### [Available records]
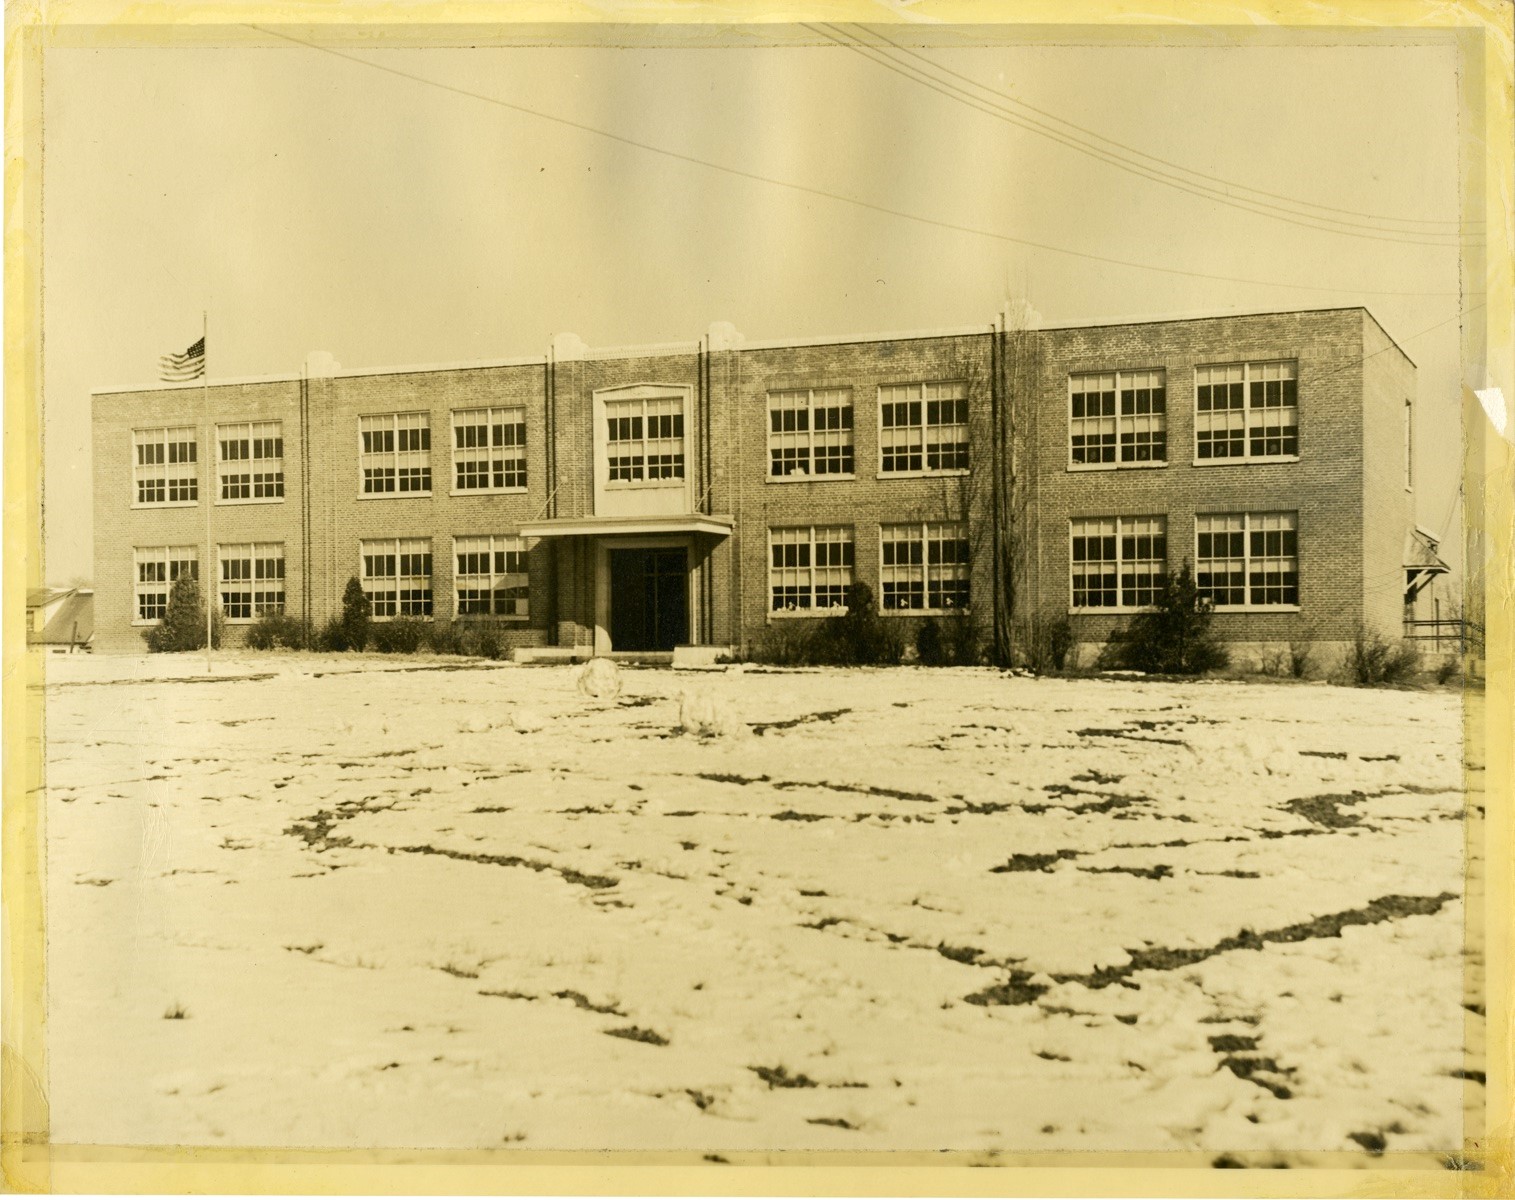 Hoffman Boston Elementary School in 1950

---

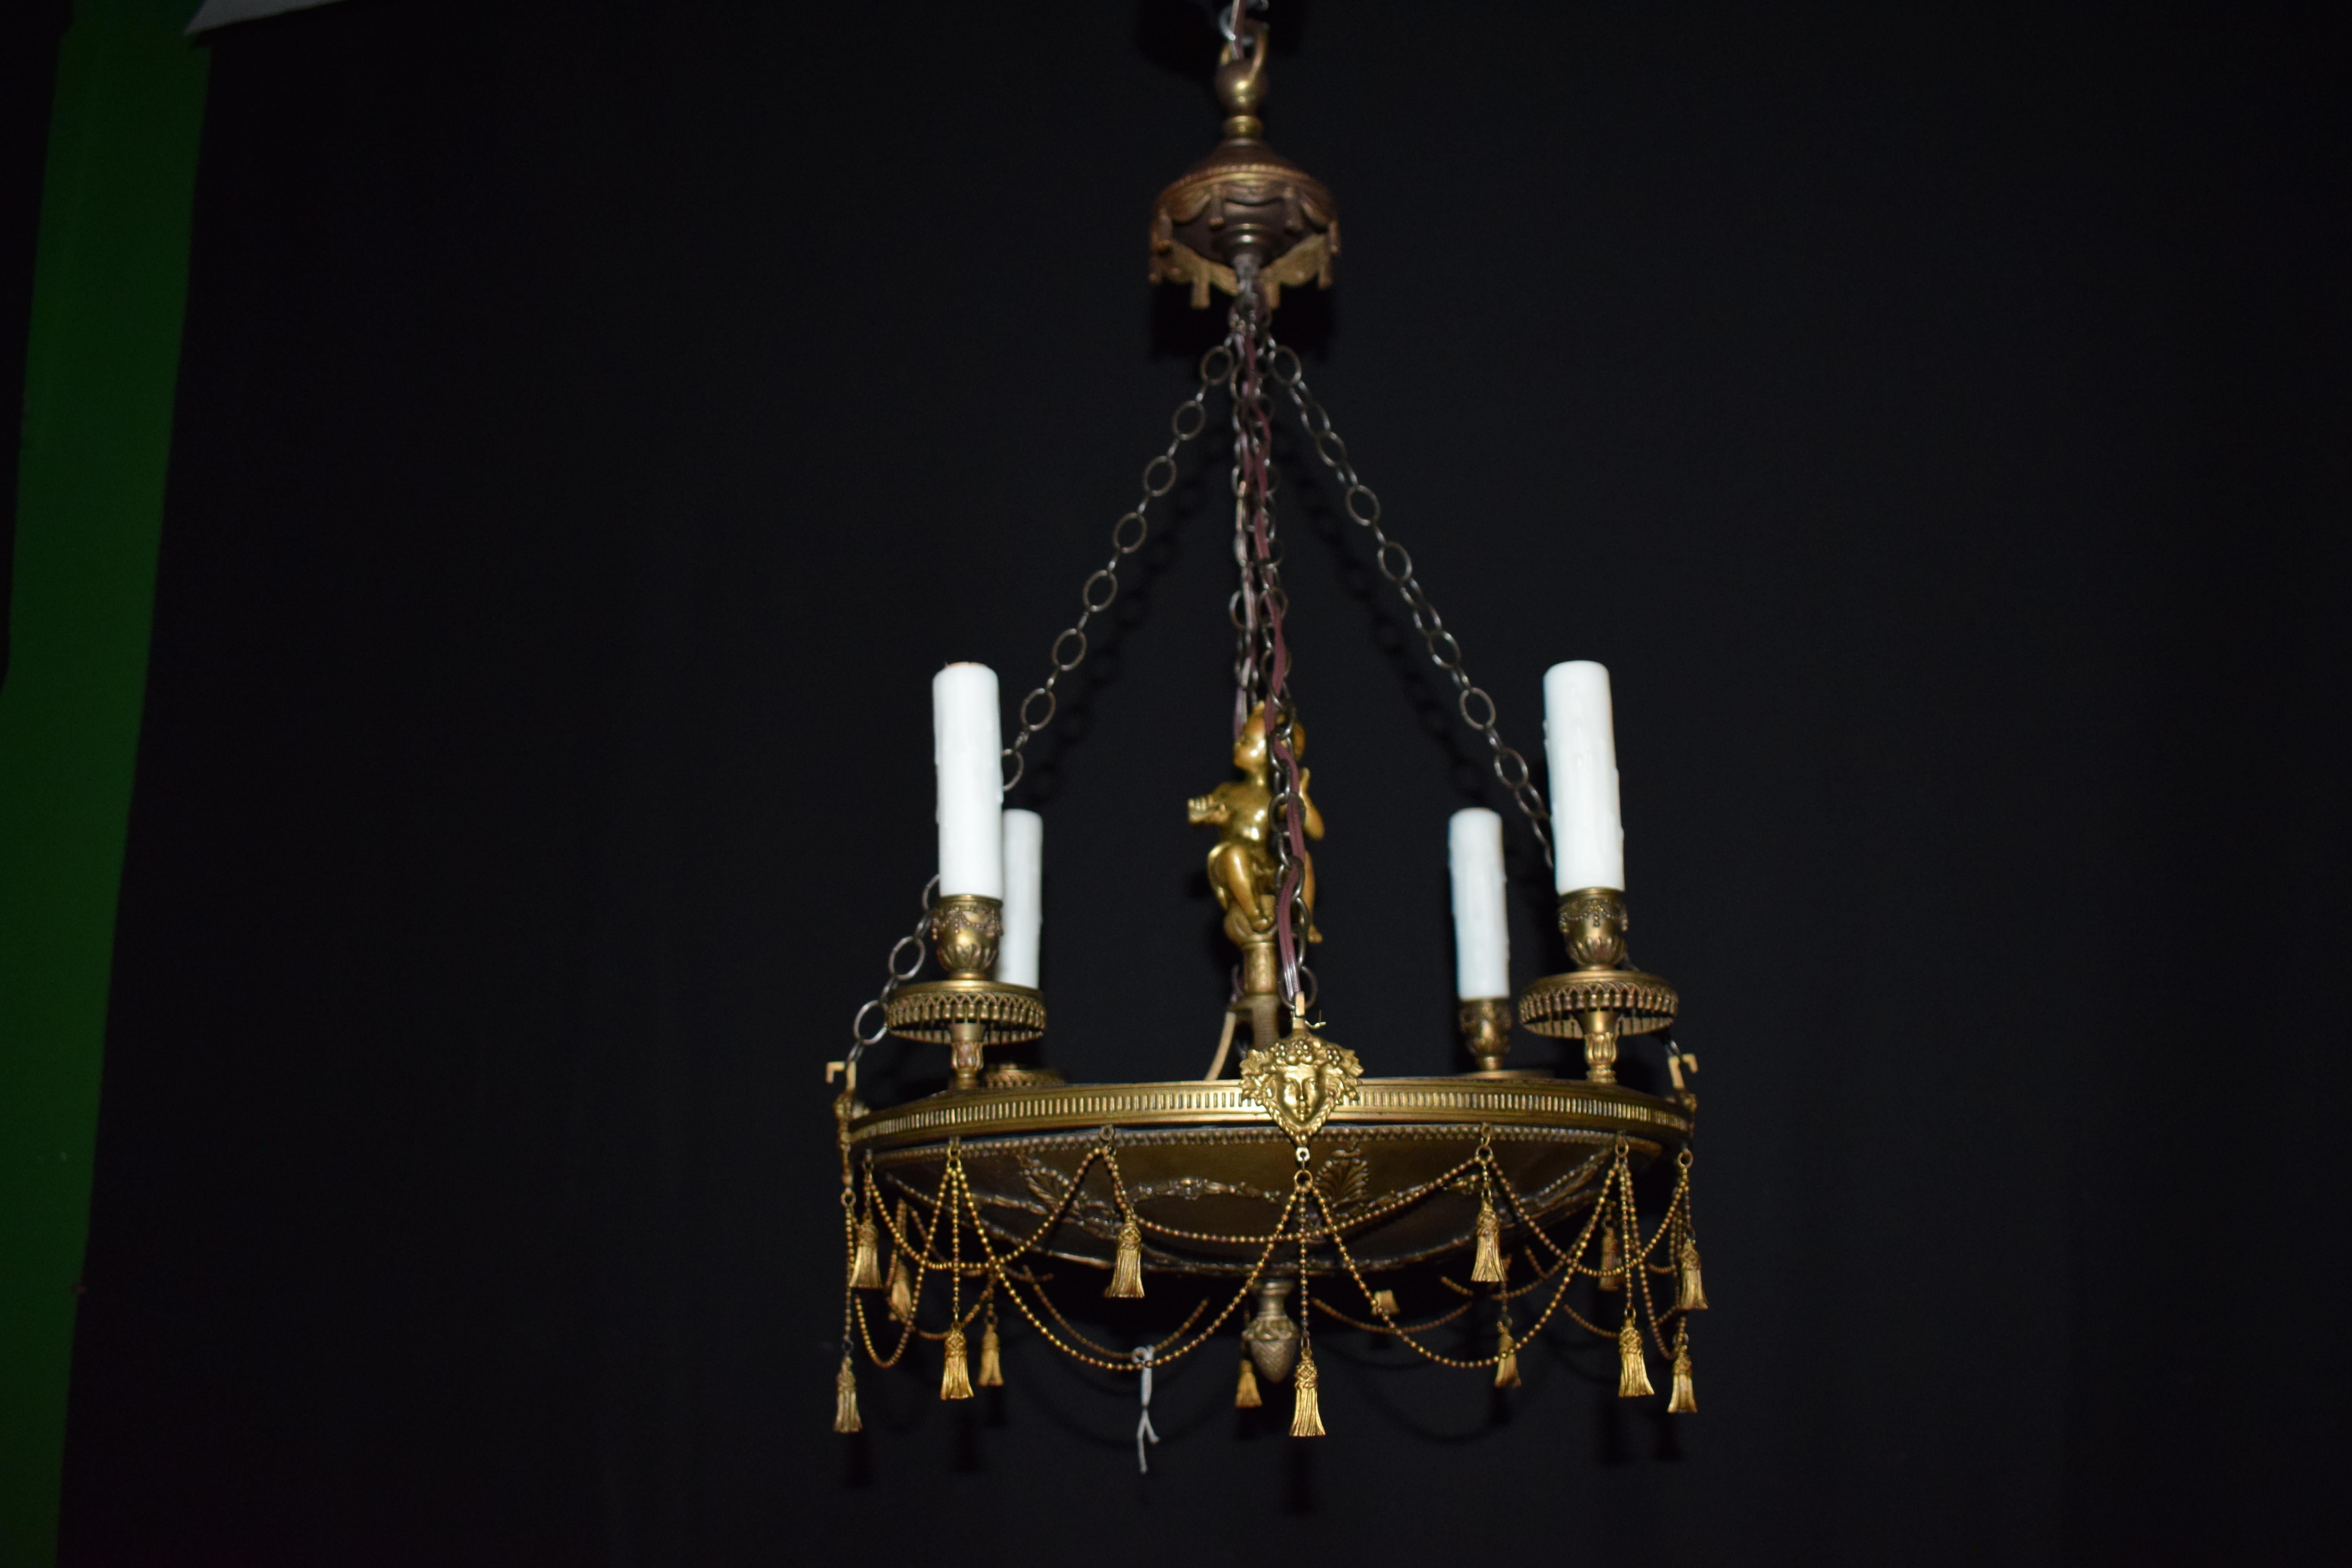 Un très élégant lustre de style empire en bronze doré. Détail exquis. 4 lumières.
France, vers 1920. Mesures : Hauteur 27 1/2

...

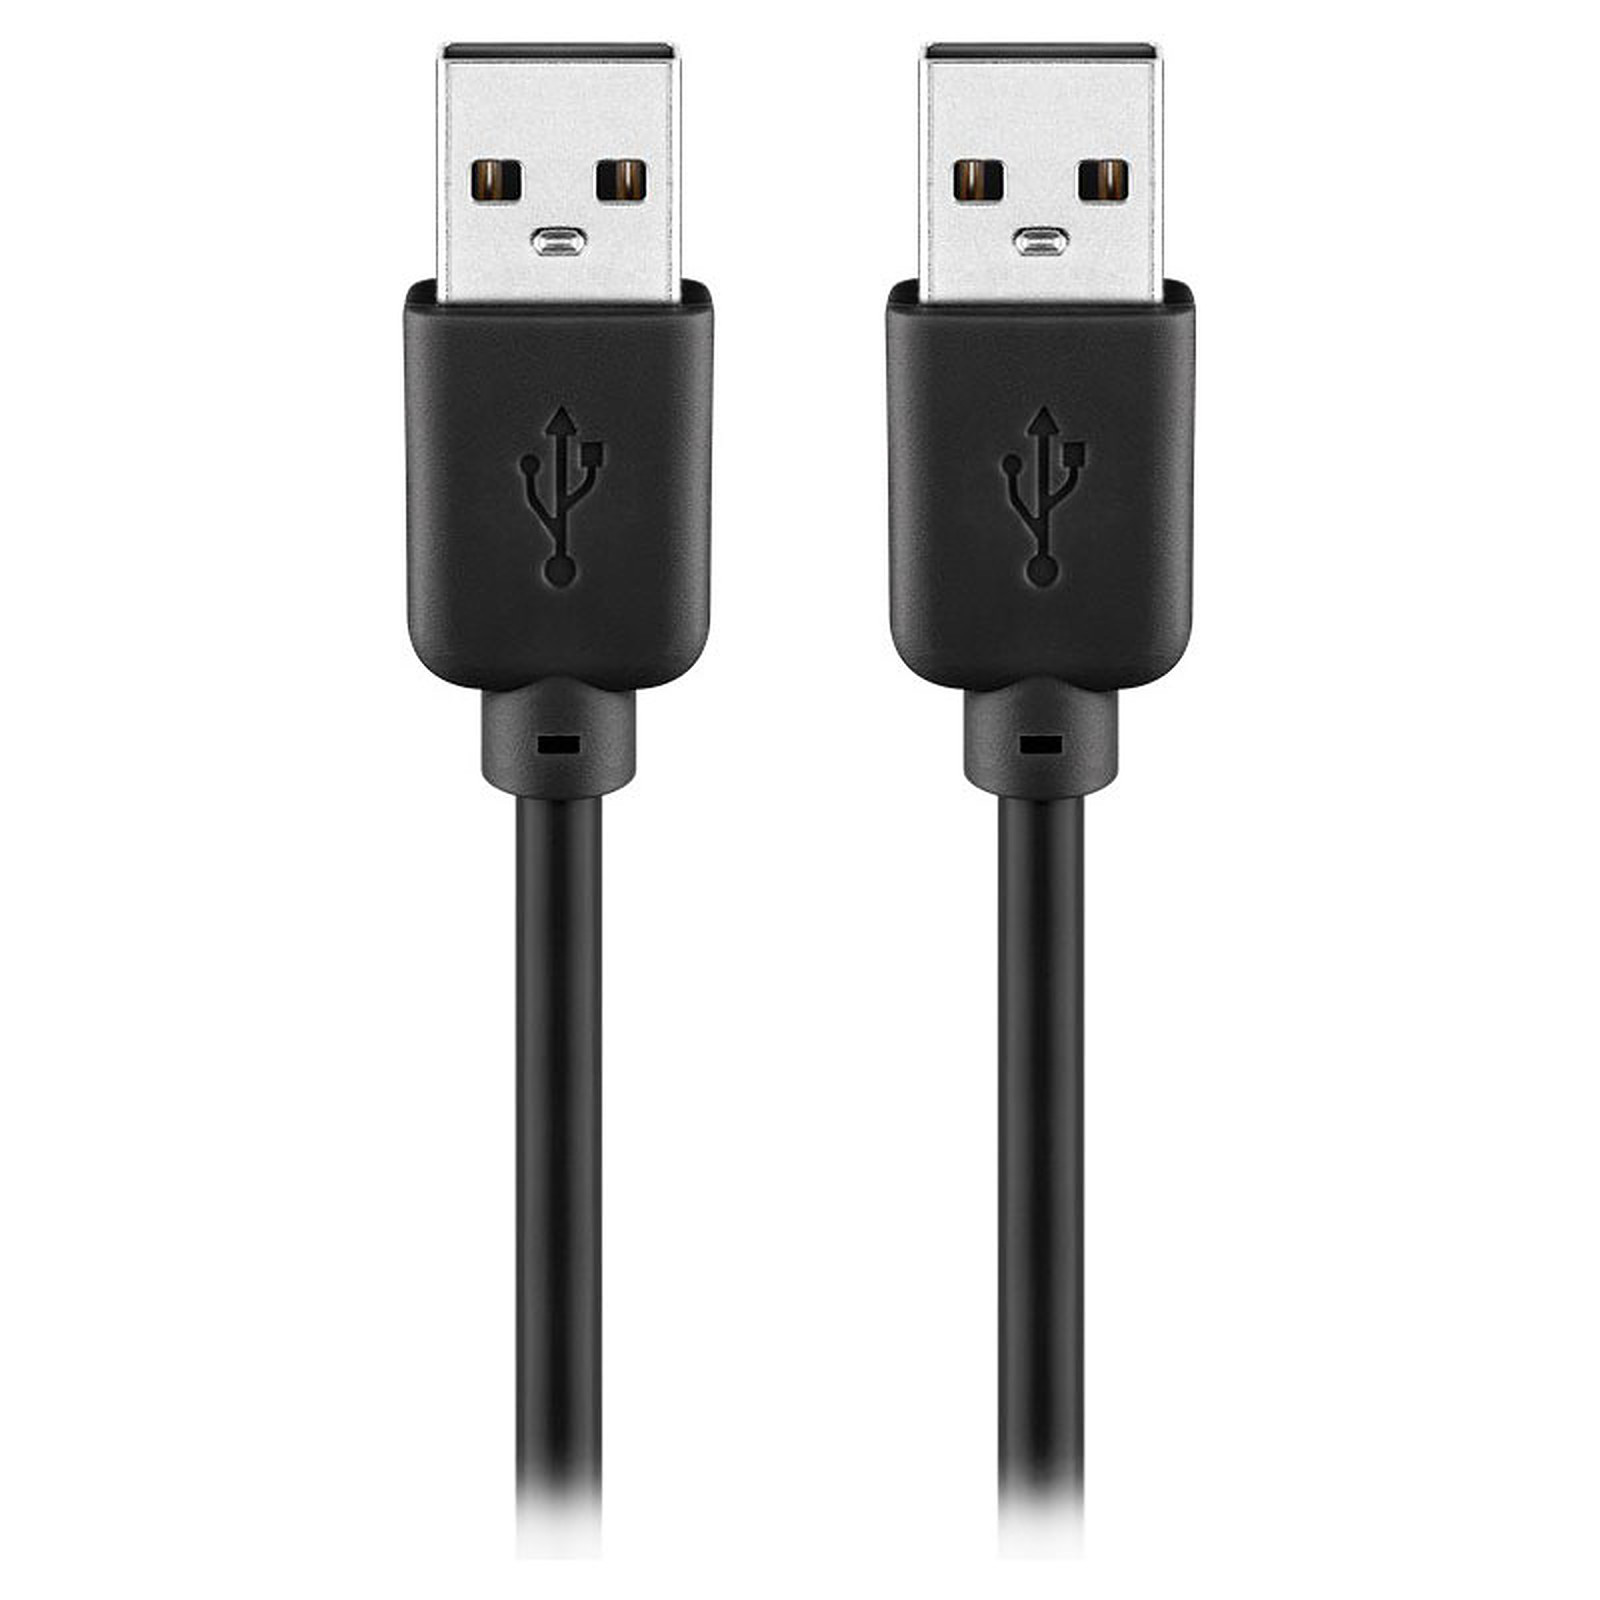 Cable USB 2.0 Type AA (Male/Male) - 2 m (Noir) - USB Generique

### [Work to complete]
An exact copy of the lines above from the one with "Un très élégant" up to and including the one with "France, vers 1920. Mesures : Hauteur 27 1/2" is required; reproduce only those lines, omitting all pictures.

### [Exercise response]
 Un très élégant lustre de style empire en bronze doré. Détail exquis. 4 lumières.
France, vers 1920. Mesures : Hauteur 27 1/2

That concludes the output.